**PROBLEM DETAILS:** Would you retype the listing below word for word, without any of its pictures?

**AVAILABLE DATA:**

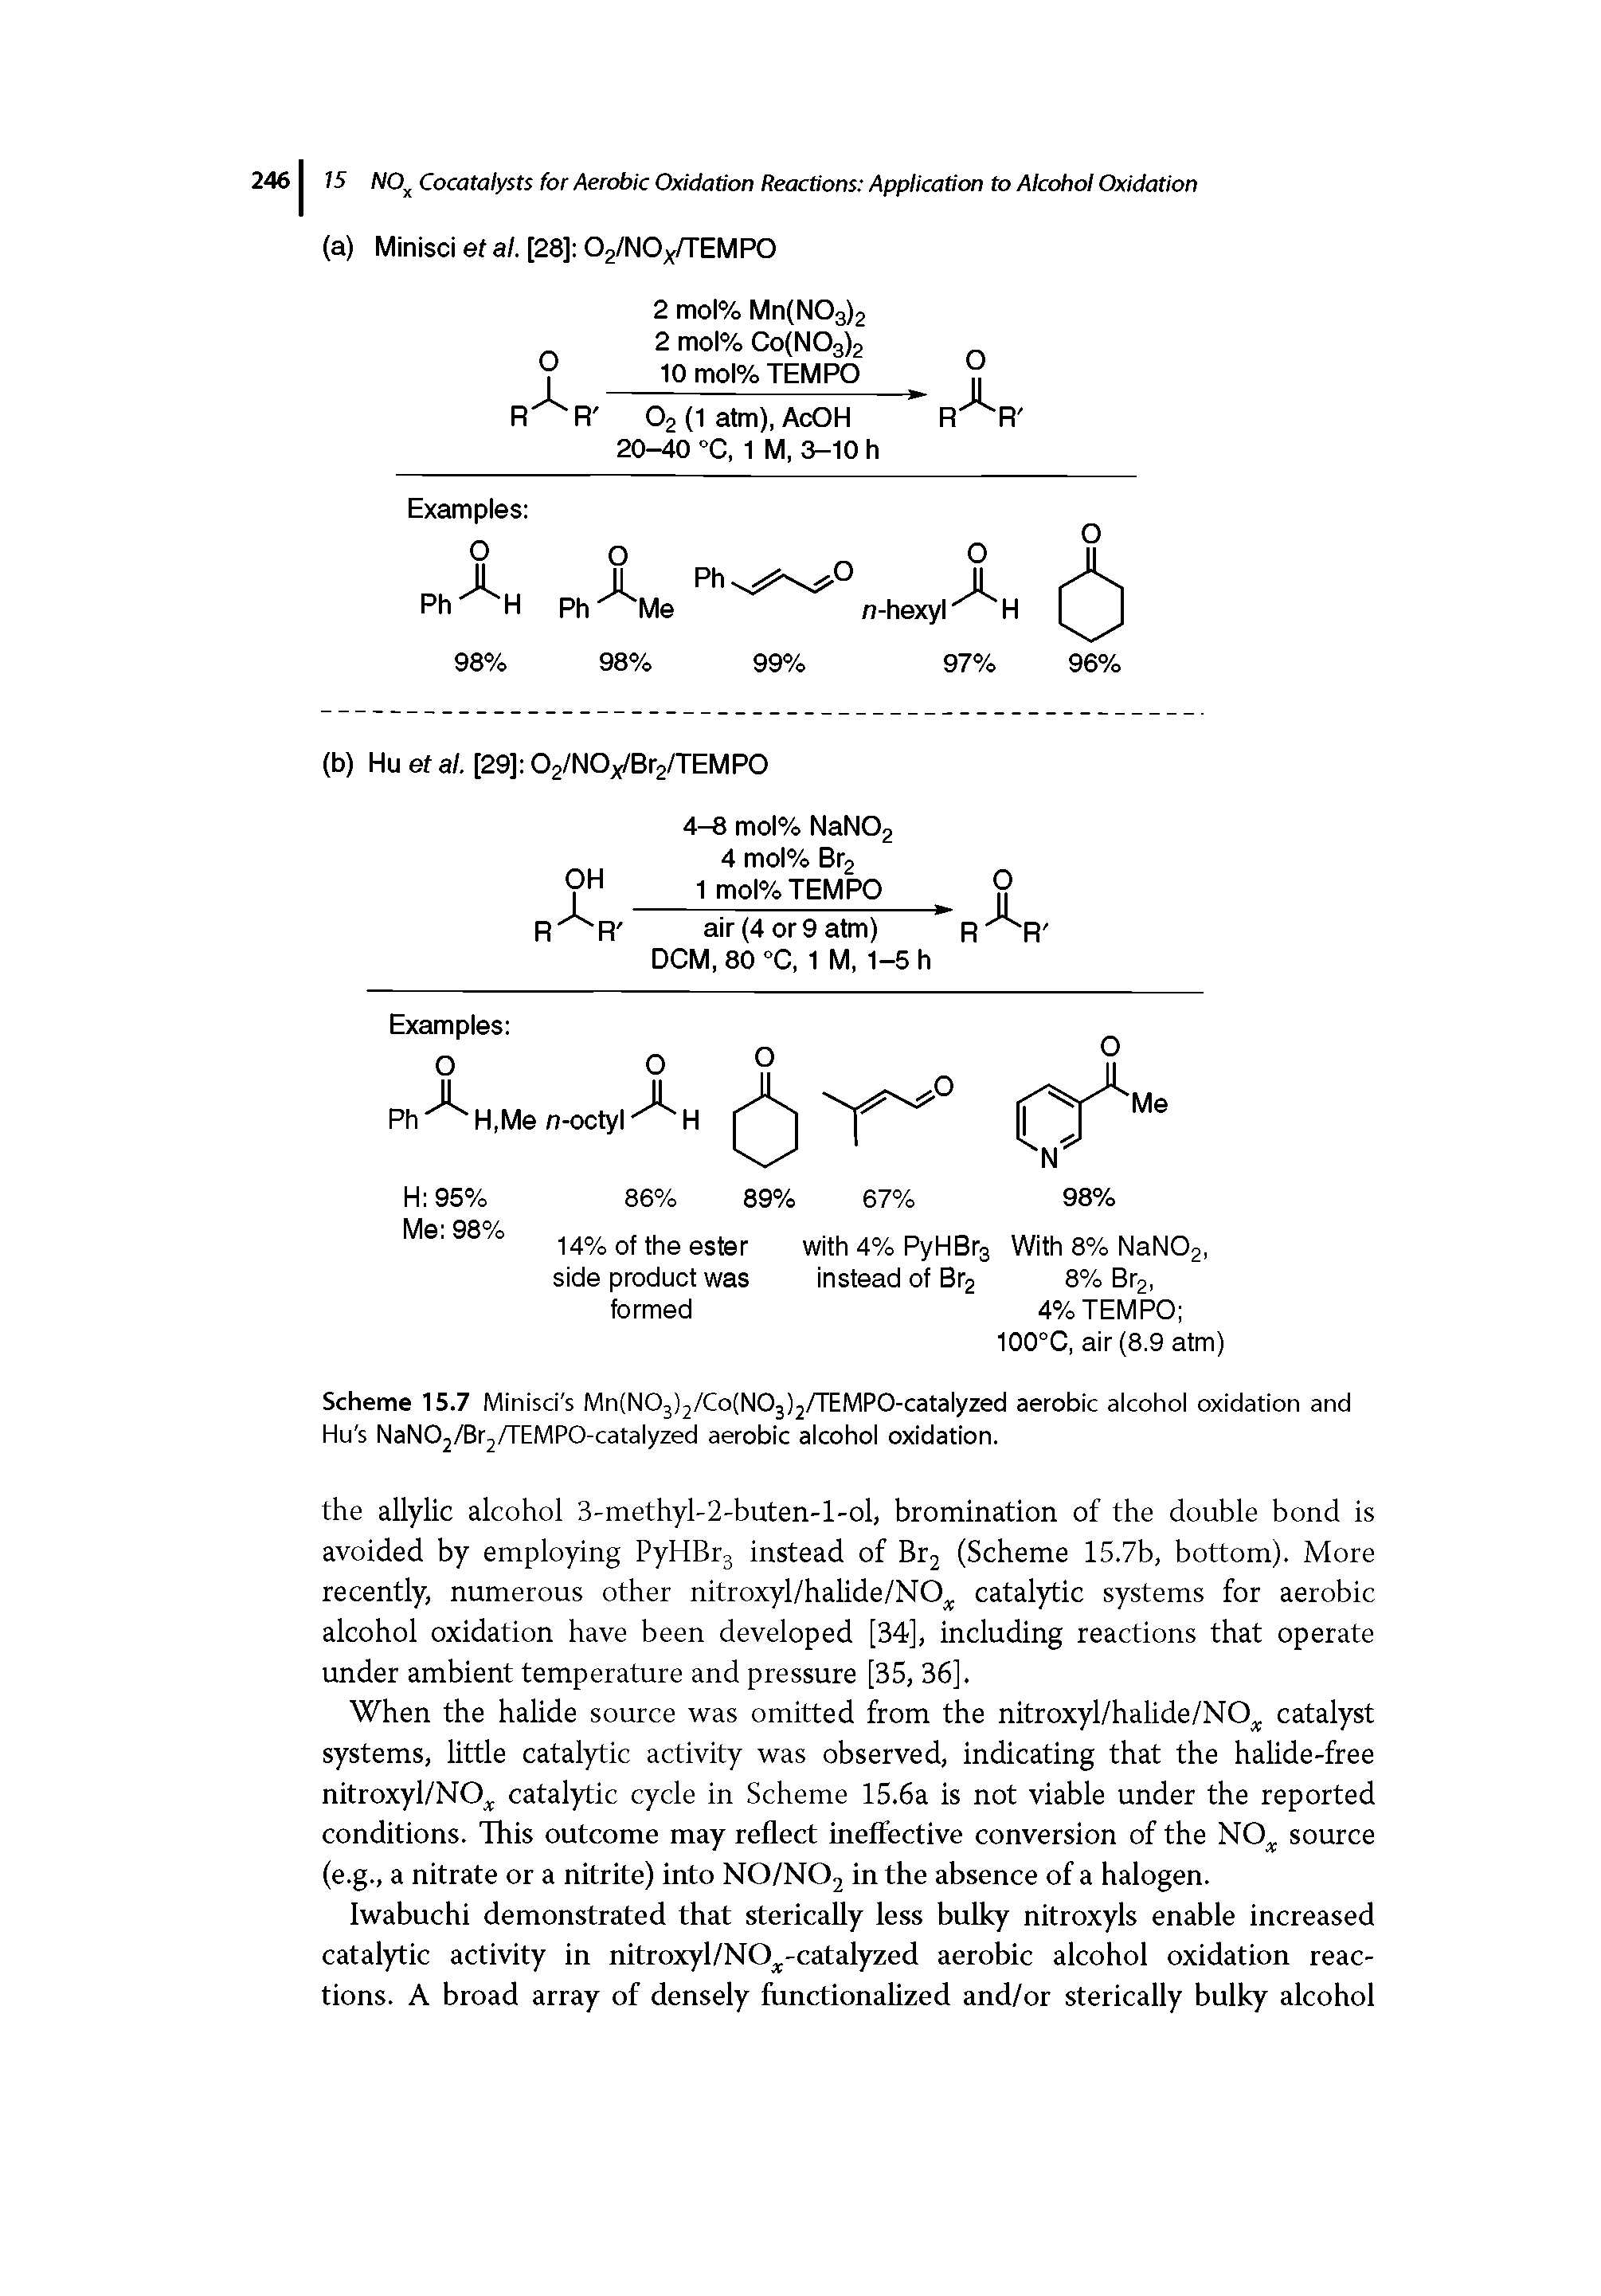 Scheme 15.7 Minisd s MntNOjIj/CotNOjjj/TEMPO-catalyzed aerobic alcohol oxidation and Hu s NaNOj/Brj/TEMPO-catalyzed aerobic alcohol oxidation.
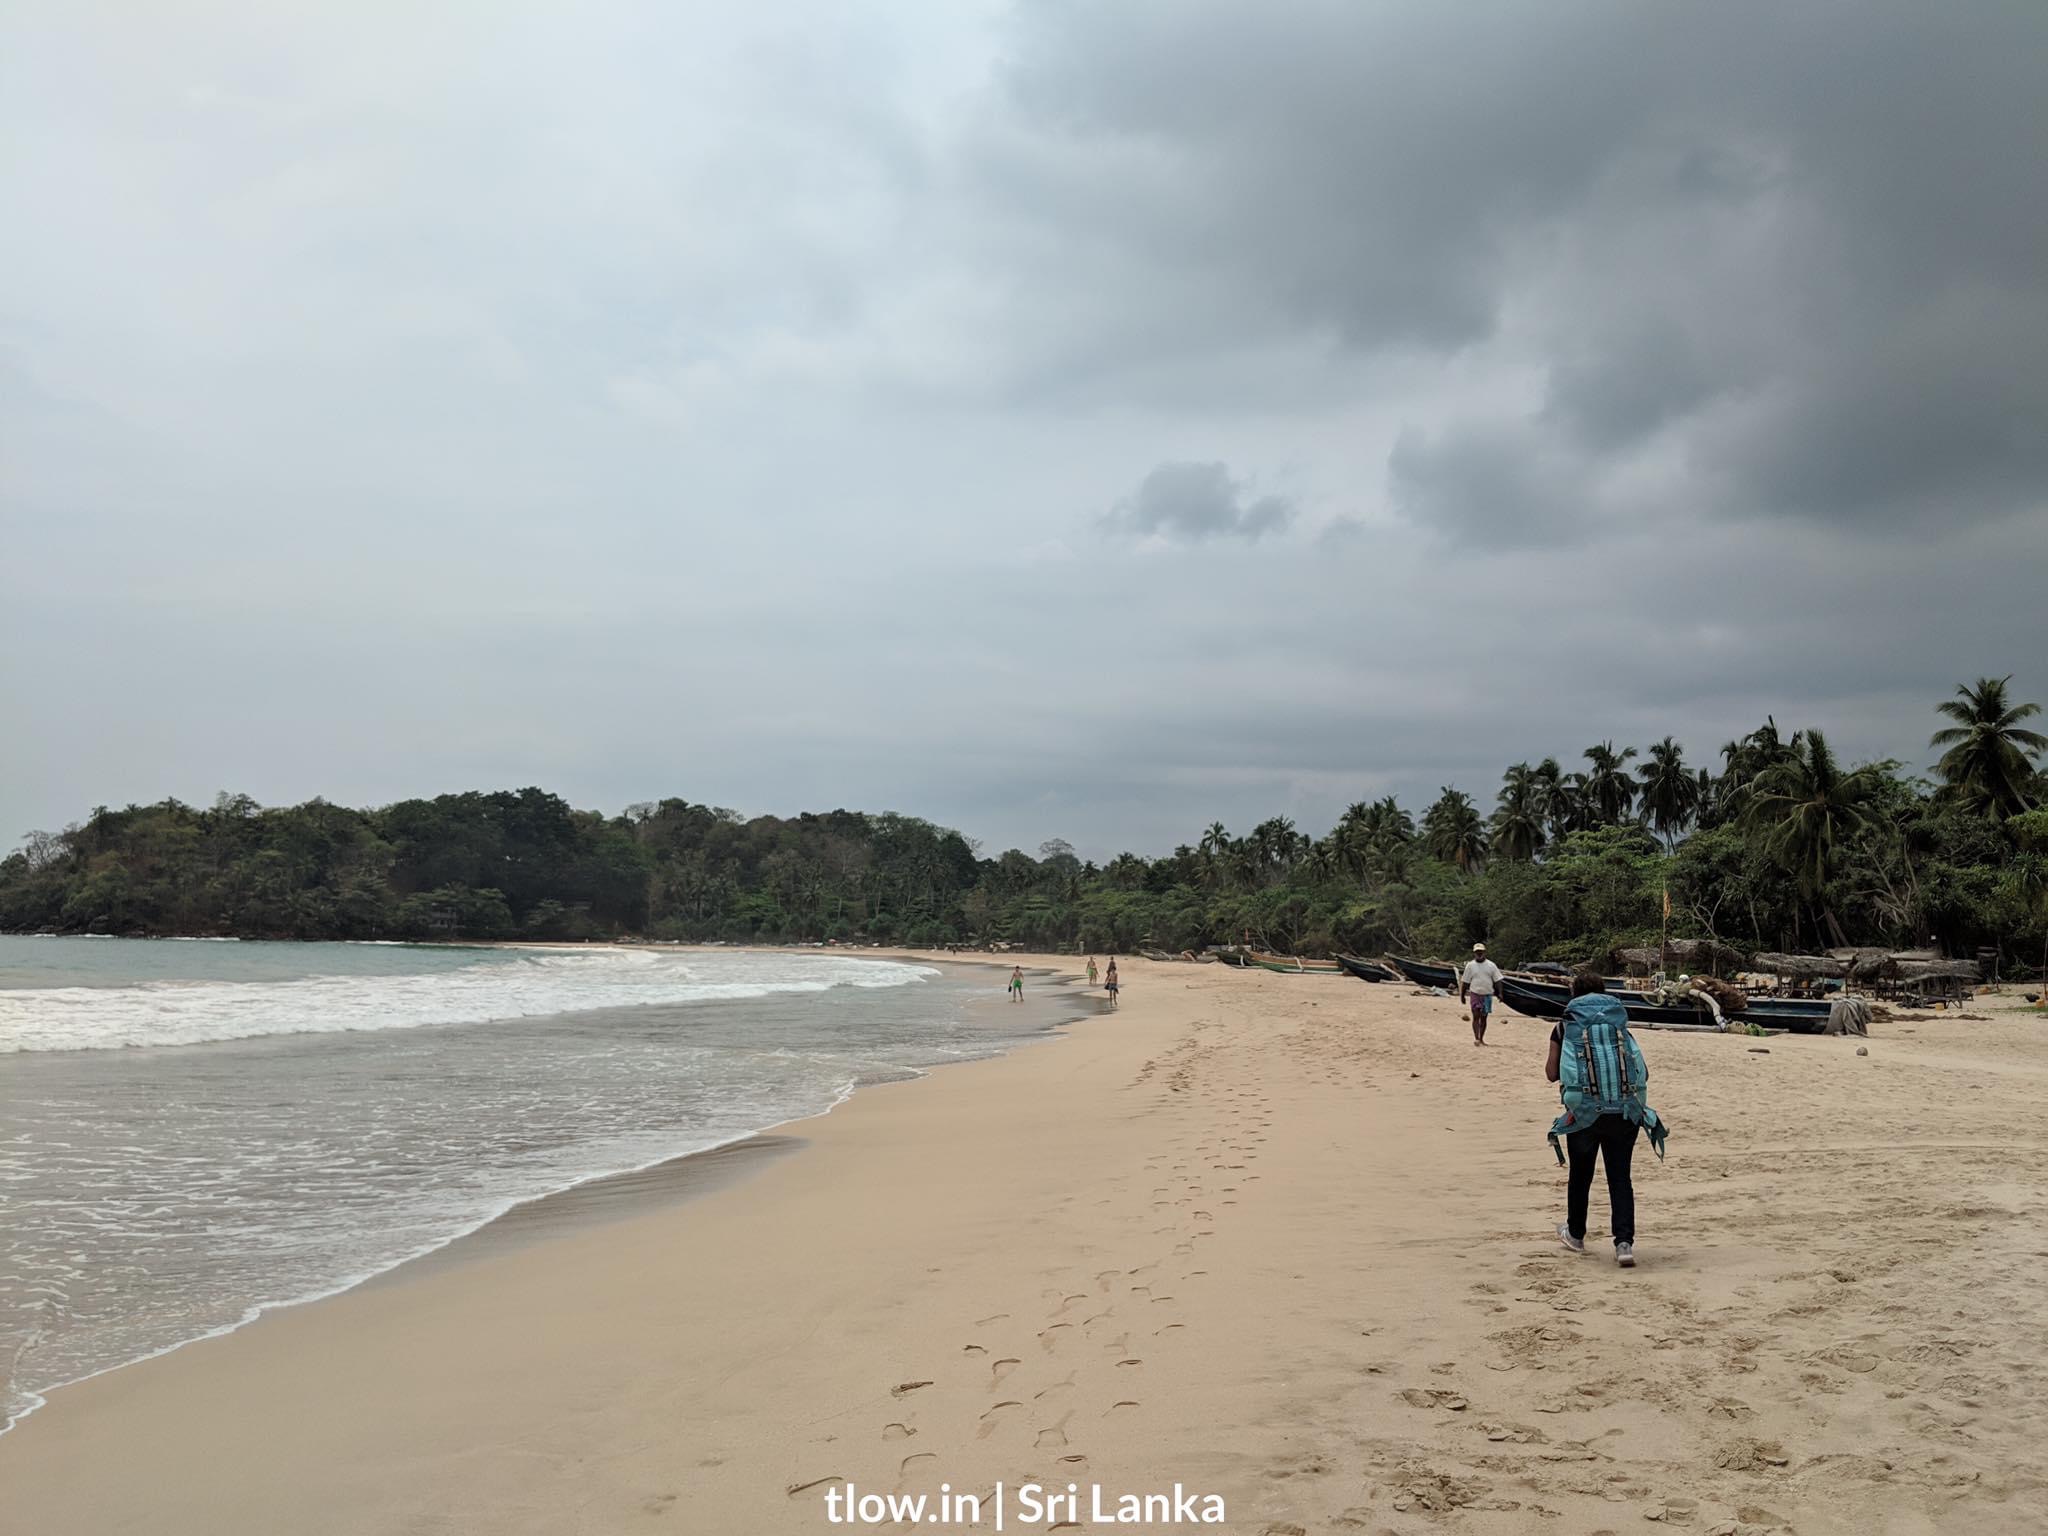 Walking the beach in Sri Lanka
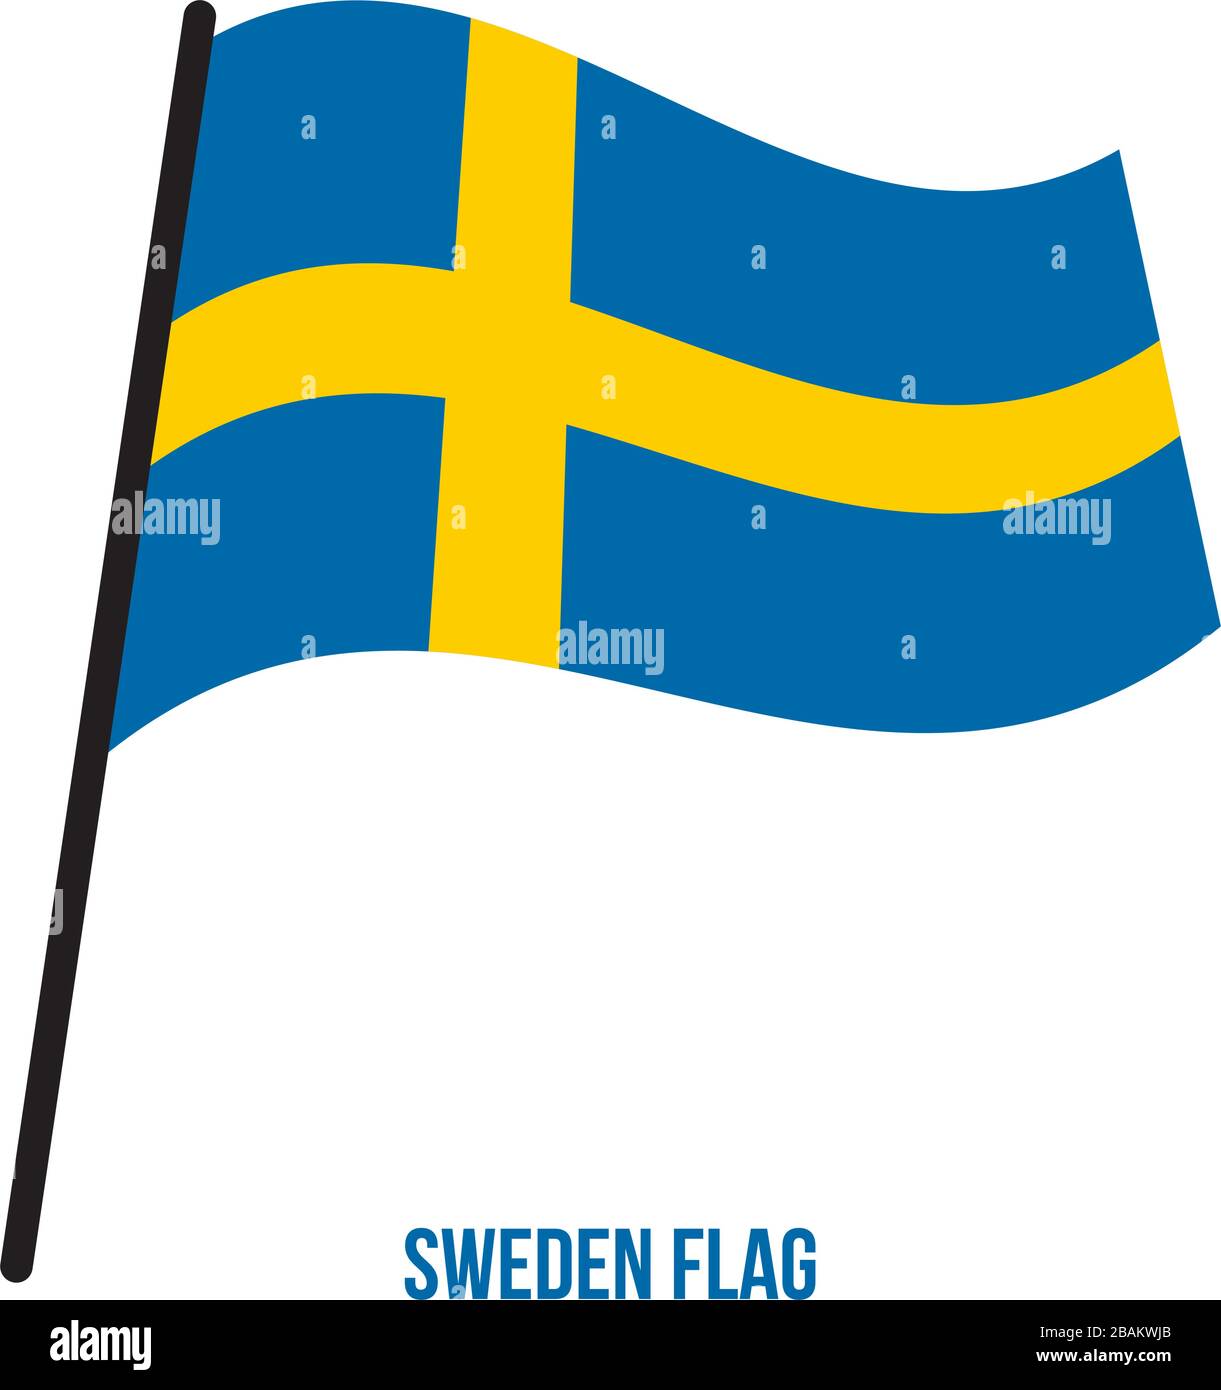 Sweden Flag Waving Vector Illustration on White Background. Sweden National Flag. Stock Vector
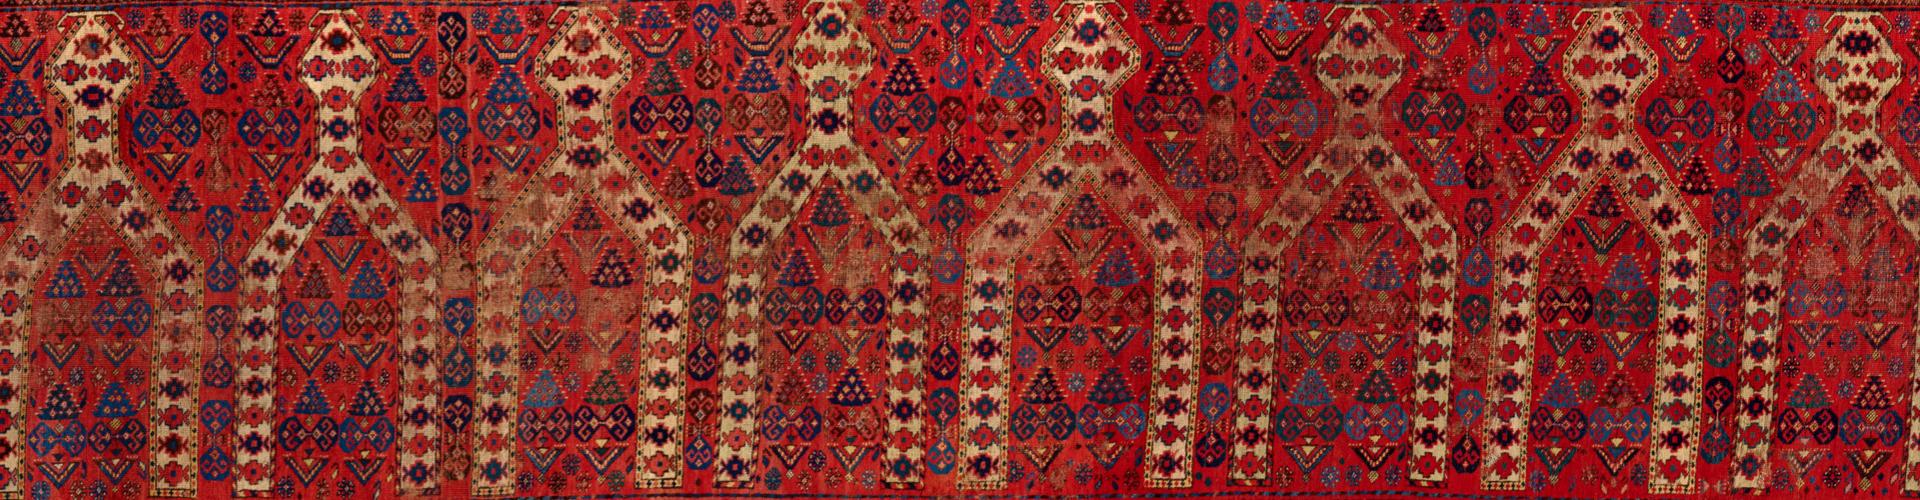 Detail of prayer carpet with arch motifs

**YOUR SOLUTION:**
 Scheme 15.7 Minisd s MntNOjIj/CotNOjjj/TEMPO-catalyzed aerobic alcohol oxidation and Hu s NaNOj/Brj/TEMPO-catalyzed aerobic alcohol oxidation.
 Walking the beach in Sri Lanka
 Sweden Flag Waving Vector Illustration on White Background. Sweden National Flag. Stock Vector
 Detail of prayer carpet with arch motifs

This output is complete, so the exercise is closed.